I've heard Youtube reviewers and the usual crowd, spouting about this fragrance and I can't say I necessarily agree that this is some clean, soapy, linen fragrance. I thought the opening was like a creamy, dense, vanillic body which had been unsweetened by strange licorice and celery salt notes, before the heart becomes woody but lightly sweet. I didn't find this particularly powdery but it does have those herbal touches and is somewhat powdered. Maybe? I'm surprised how good it is! Not that I don't like other stuff from Josh or this brand, I do, but I guess the spoilers I'd heard about it didn't really fit with the scent I found on my skin. The heart is more woody (must be the teak wood listed here) and the tenacity of sweet vanilla notes remain at the end but it's by no means a total sweetie. I enjoyed it, had a somewhat 'designer' feel. Now I'm not exactly sure what I mean by that and I really do hate to toss tedious, meaningless labels around only to then cross pollinate.... but on this rare occasion I make an exception because that's how I feel about it.
The Original was Original, giving weirdness of nagamotha or papyrus or something against the waxy uplifting orange and orange blossom, it was a real grower on me. This however, is rubbish. Soooooooooooooooooooo boring. Acquatic piddle. Not a fan. Shame.

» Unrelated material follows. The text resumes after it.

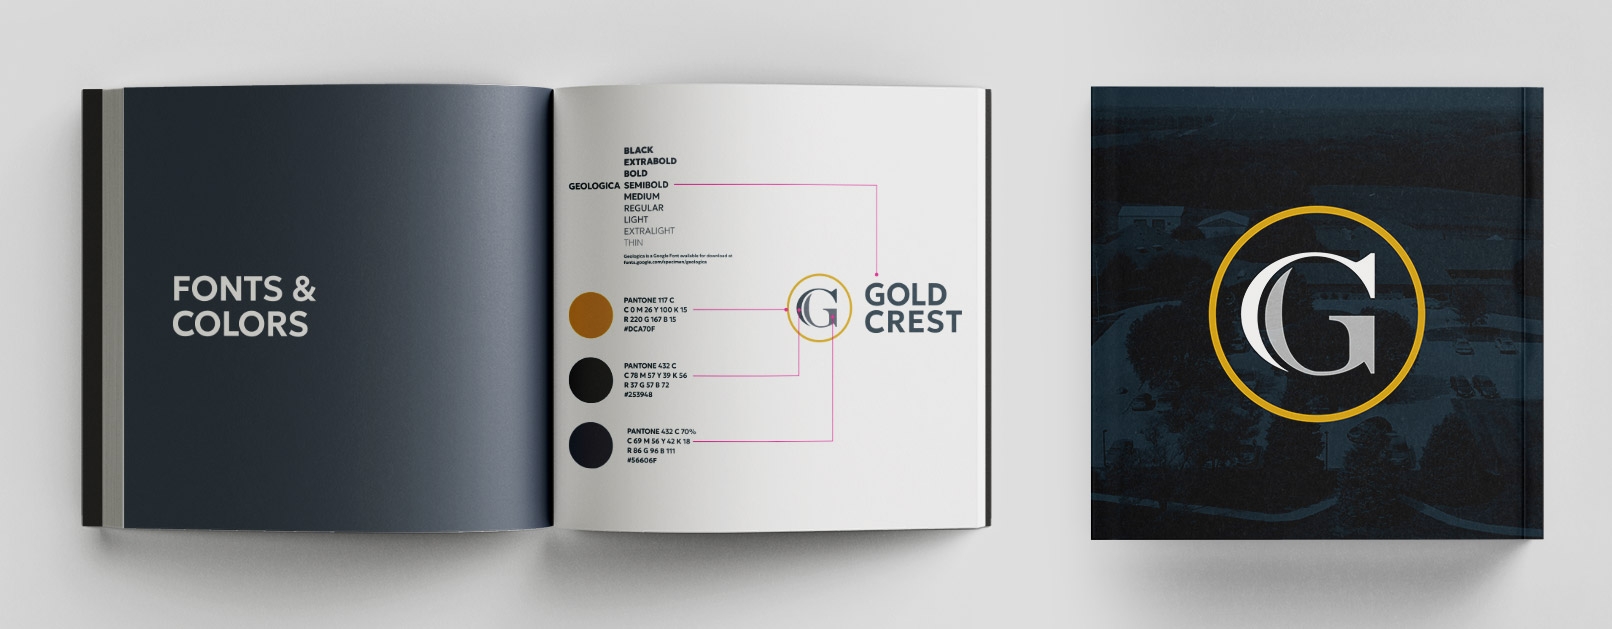 gold crest brand guide

Having liked the This is Him, I'm wandering into Z&V releases with a reassurance that they will at least be passable. That's a dangerous state of mind BTW. From this I got a fairly 'generic' (I do hate that term but it's fitting in this instance) opening of heightened, diffuse citruses and musk resulting in a sigh of...oh well it's not terrible but they appear to have peaked in their first release...how sad. But wait a moment (or an hour or two to be more precise) and you will be treated to a very rounded and appealing, synth santal and mild, creamy florals in the base. It actually had me thinking, wow this isn't half bad, coupled with the fact that it has a central note among all this that I'm not sure what it is, and it's unique, alluring. It's sweet and kind fruity but always maintains a none too vanillic sandalwod. I'd have to try it again but This is love Him, ain't too bad from an initial test out on my arm.